Таинственное ощущение, которое возникло у Козетты, когда Жан Вальжан взял ее за руку в темной чаще леса Шель, было порождено не иллюзией, а действительностью. Вмешательство этого человека в судьбу ребенка было проявлением воли божьей.
Жан Вальжан удачно выбрал убежище. Казалось, он был здесь в полной безопасности.
Комната с чуланом, которую он занимал с Козеттой, выходила окном на бульвар. Это было единственное окно в доме, так что нечего было опасаться нескромного взгляда соседей, живших и напротив и рядом.
Нижний этаж дома э 50—52 представлял собою нечто вроде обветшавшего сарая с навесом, который служил складом для огородников и не имел никакого сообщения с верхним. Отделенный от него дощатым потолком, в котором не было ни люка, ни лестницы, он являлся как бы глухой перегородкой между этажами лачуги. Как мы уже говорили, второй этаж состоял из множества комнатушек и нескольких чердаков, и лишь один из них был занят старухой, согласившейся вести хозяйство Жана Вальжана. Все остальные помещения пустовали.

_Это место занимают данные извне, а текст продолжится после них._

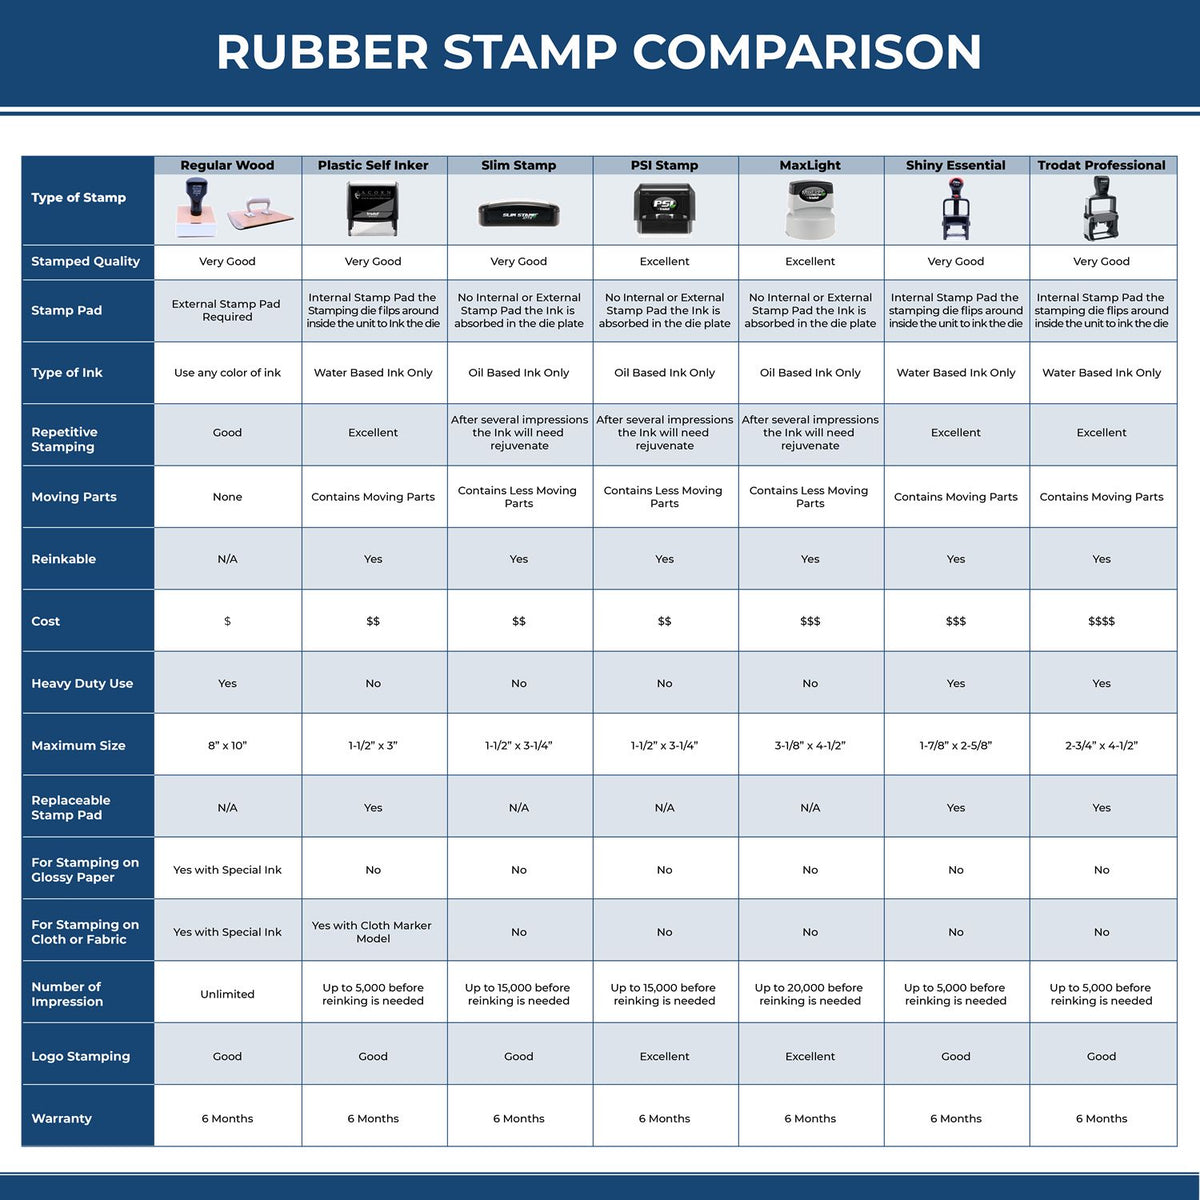 Legal Damages Rubber Stamp 4301R Rubber Stamp Comparison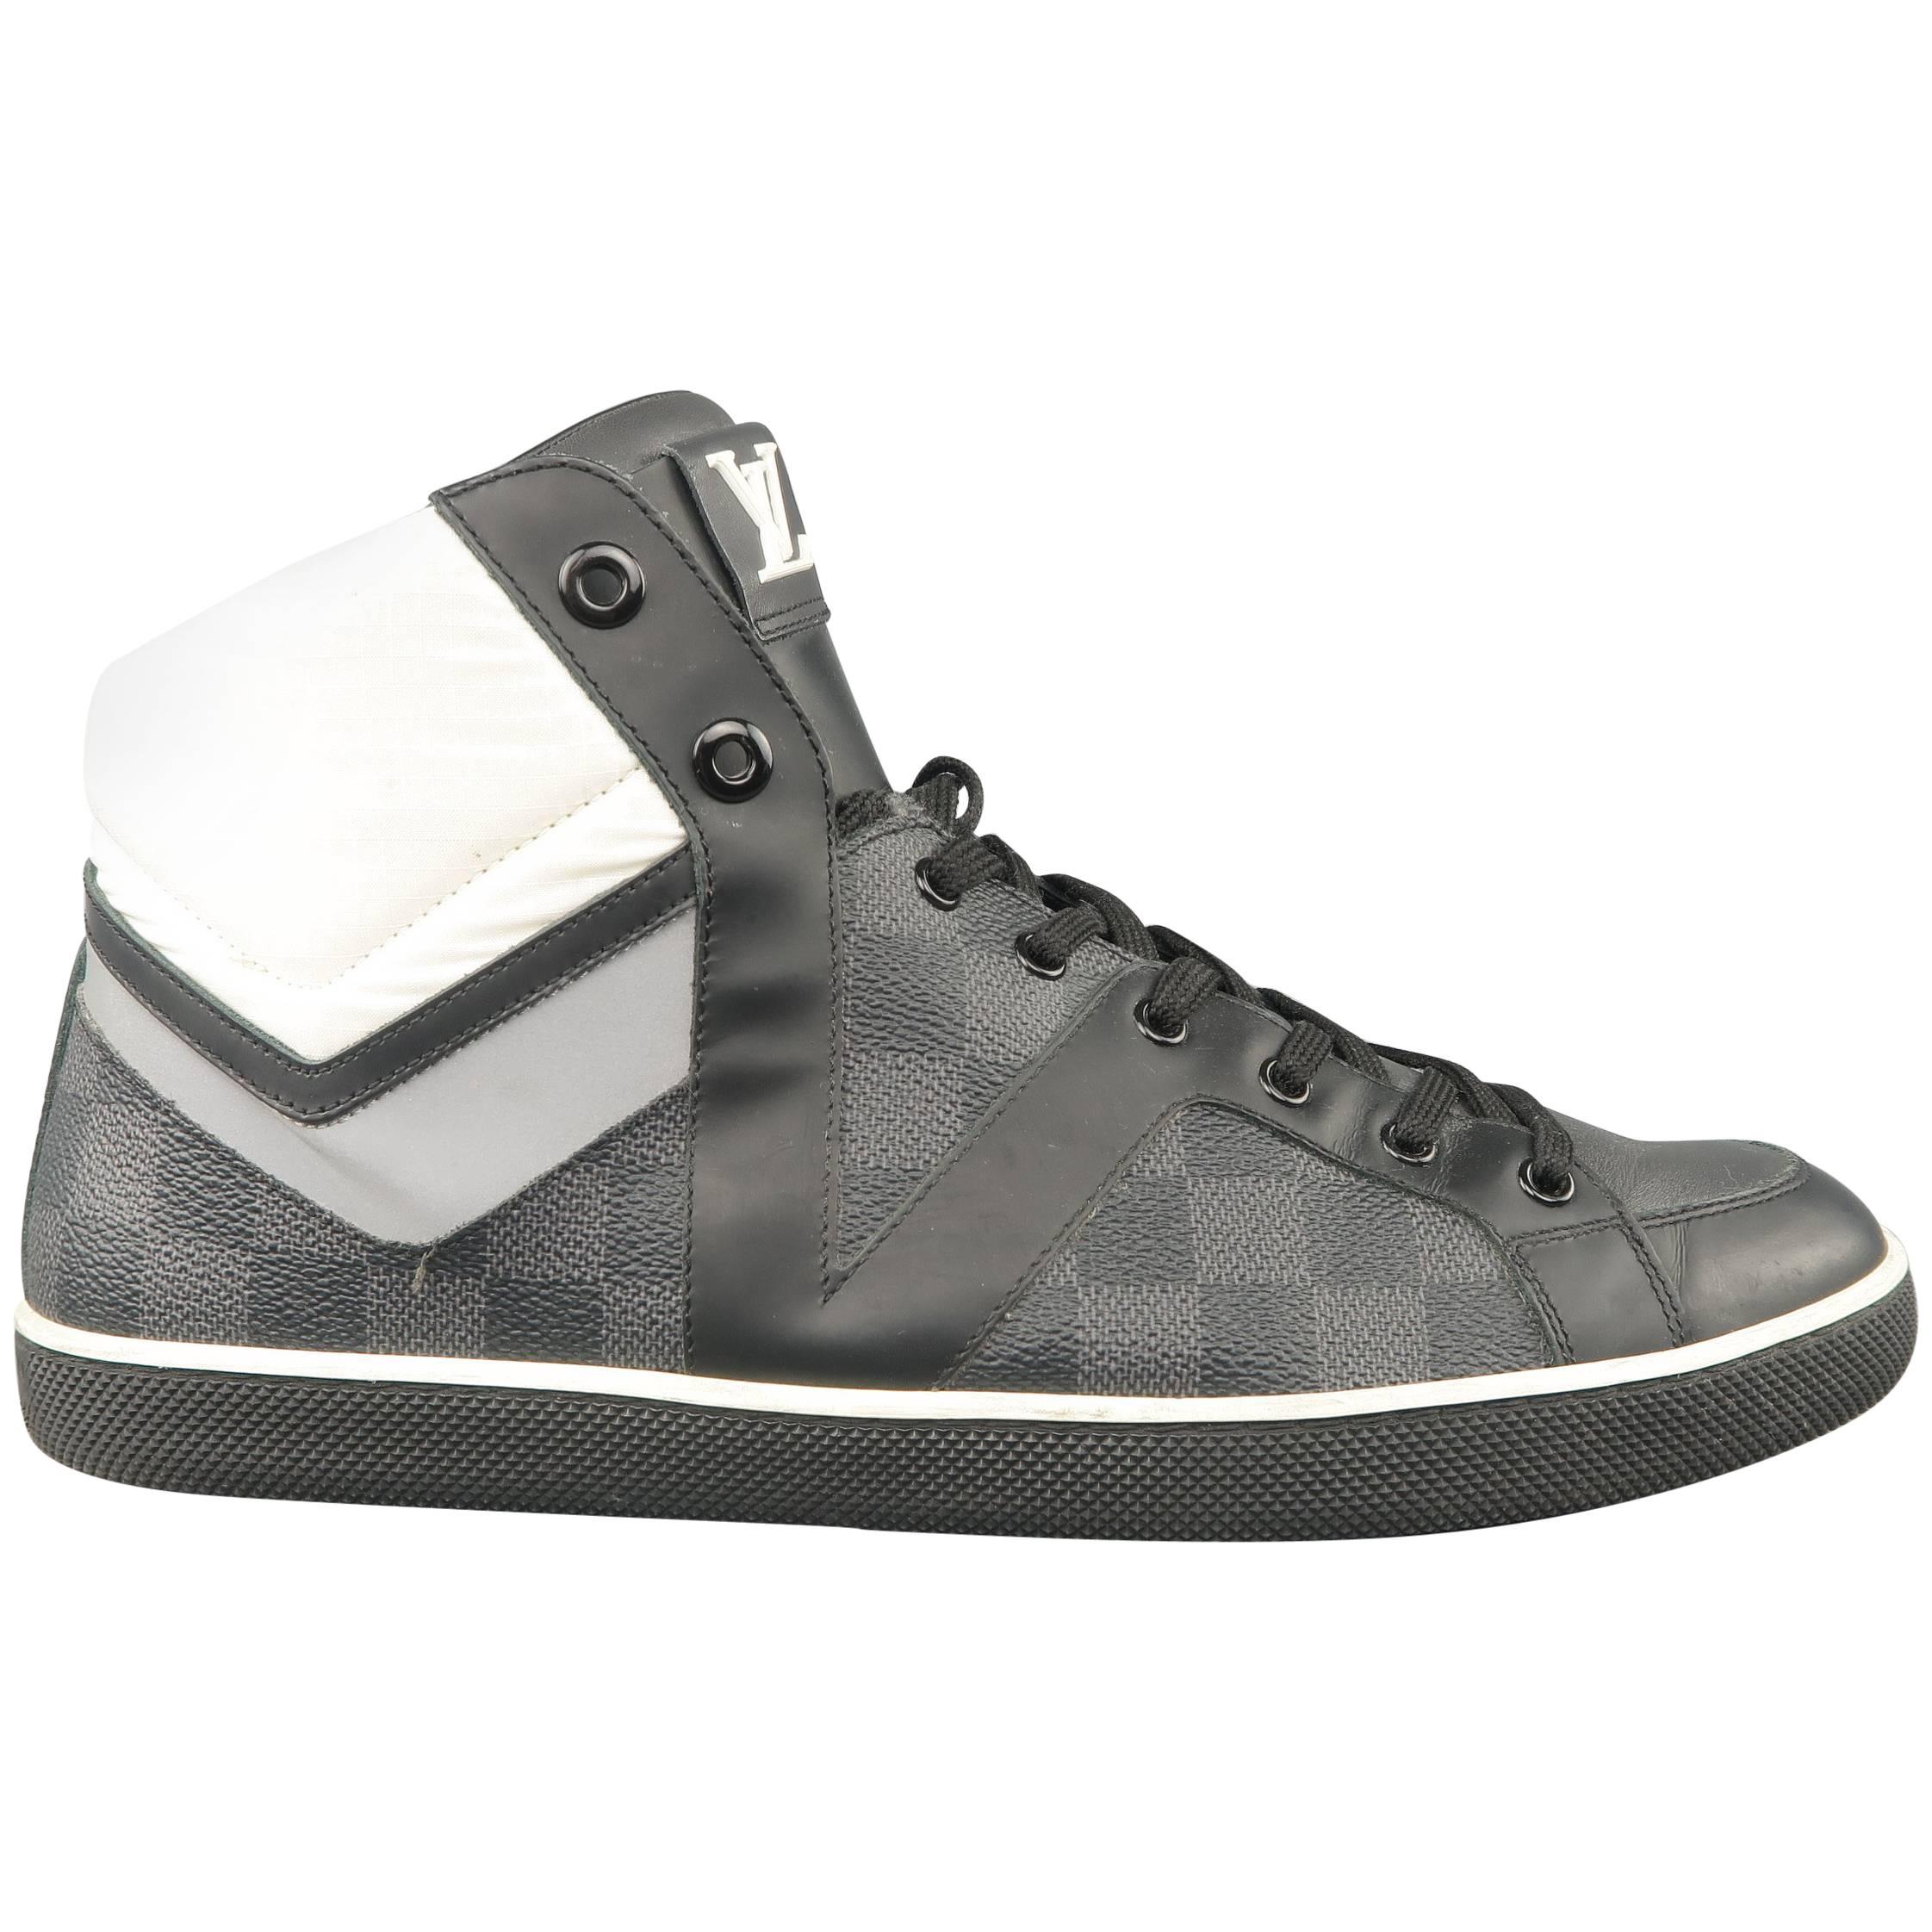 Men's LOUIS VUITTON Sneaker 10 Black & Gray Damier Leather Reflective High Top

Старуха именовалась «главной жилицей», а в сущности была привратницей; она-то в рождественский сочельник и сдала комнату Жану Вальжану. Выдав себя за разорившегося на испанских ценных бумагах рантье, он изъявил желание поселиться здесь с внучкой. Уплатив за полгода вперед, он поручил старухе обставить комнату и чулан так, как мы уже видели. Это она с вечера протопила печь и все приготовила к их приходу.
Неделя шла за неделей, а старик и дитя вели в этой жалкой конуре счастливую жизнь.
С самого раннего утра Козетта смеялась, болтала, пела. У детей, как у птиц есть своя утренняя песенка.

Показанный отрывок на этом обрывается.